The Green Scorpions have recommended that criminal charges be laid against Karpowership SA for intentionally misleading the Department of Forestry, Fisheries, and the Environment (DFFE) in its bid to secure a R225-billion deal to supply power to South Africa’s grid.
According to amaBhungane, the environmental protection unit referred a docket to the Director of Public Prosecutions (DPP) to prosecute the company for its attempt to circumvent environmental regulations.
This came after the Green Scorpions confirmed in early June it was investigating Karpowership and its environmental consultants Triplo4 Sustainable Solutions and Nselenduna Consulting for attempting to avoid the environmental impact assessments (EIAs) that would be required before it could anchor its gas-fired power ships in South Africa’s harbours and supply power to the grid.

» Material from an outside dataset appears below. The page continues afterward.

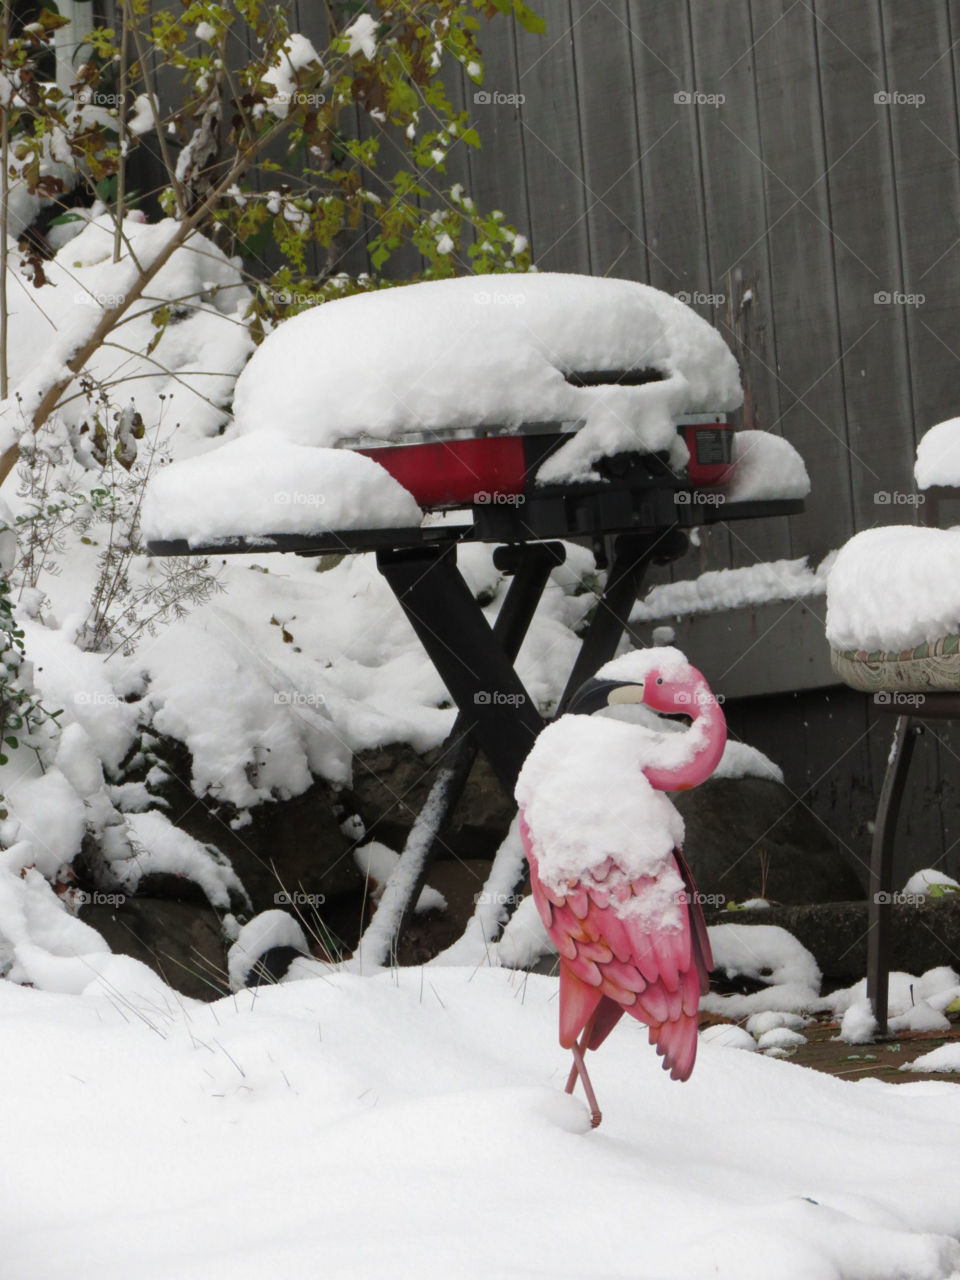 Flamingo and BBQ grill in the snow

Under the National Environmental Act (NEMA), there are permits for which companies can apply that would exempt them from EIAs if quick action would save lives and prevent more environmental damage.

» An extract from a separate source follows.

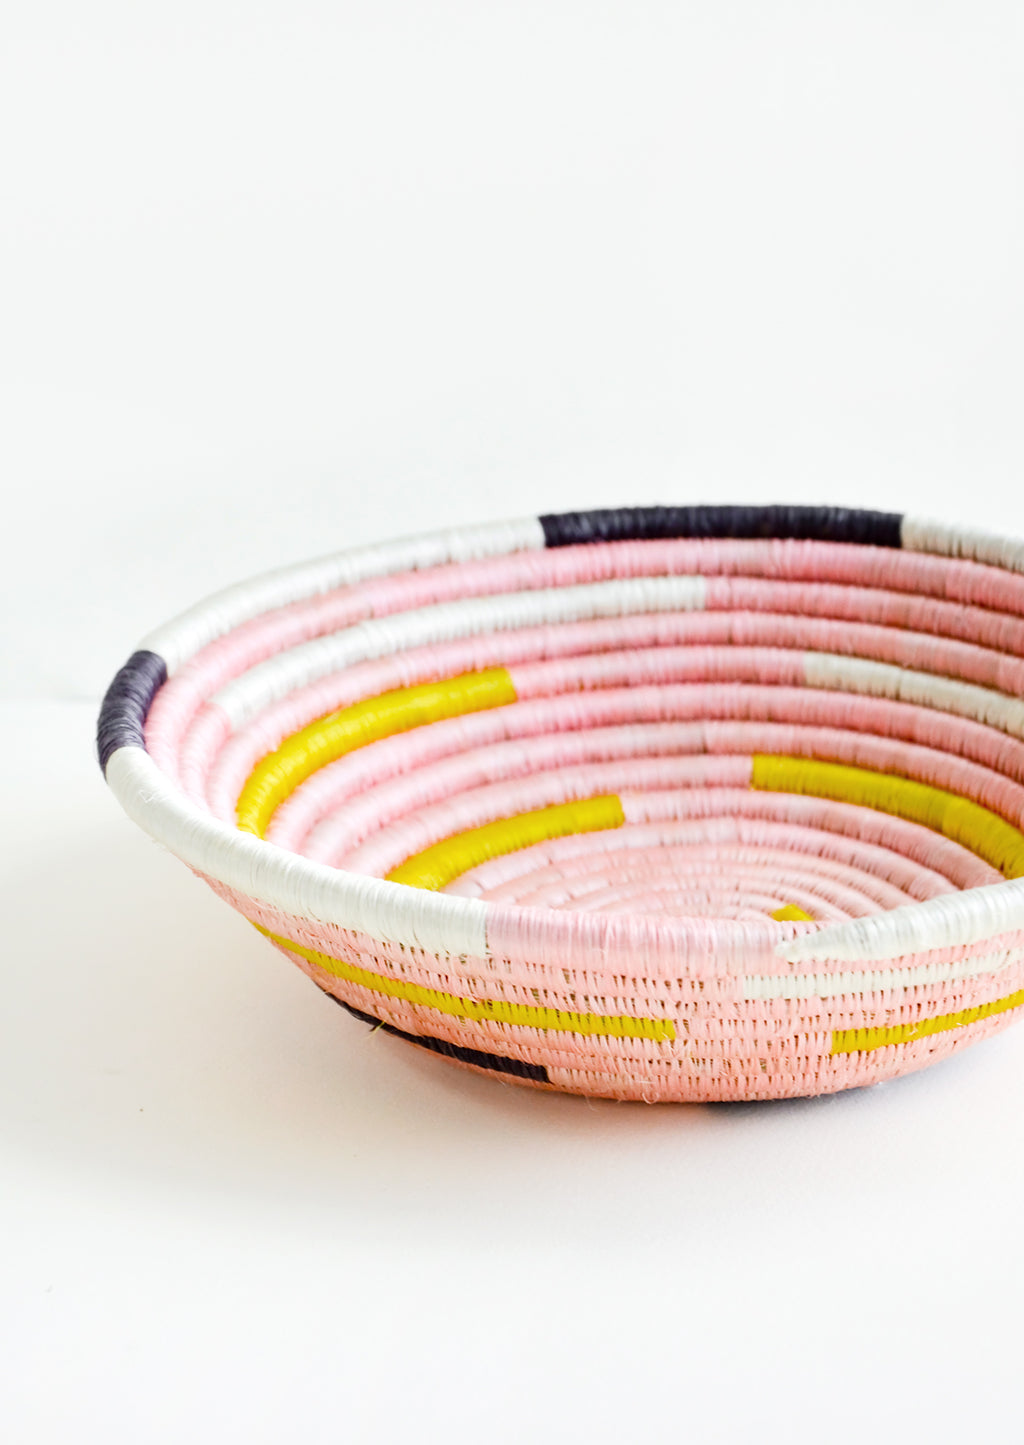 2: Round, shallow bowl made from woven sweetgrass in pink, white, yellow and black.

Karpowership initially secured these exemptions in June 2020, claiming that it would help provide emergency power during the Covid-19 pandemic.
In August 2020, the environmental department withdrew the permits after finding there was no emergency situation.
With the case now referred to the police and the DPP, it appears that the Green Scorpions believe there is prima facie evidence of Karpowership’s wrongdoing in securing the exemption.
The punishment for anyone who “willfully, knowingly or negligently, provide incorrect or misleading information” to the department in an application for exemption is a fine of up to R10 million and/or 10 years imprisonment.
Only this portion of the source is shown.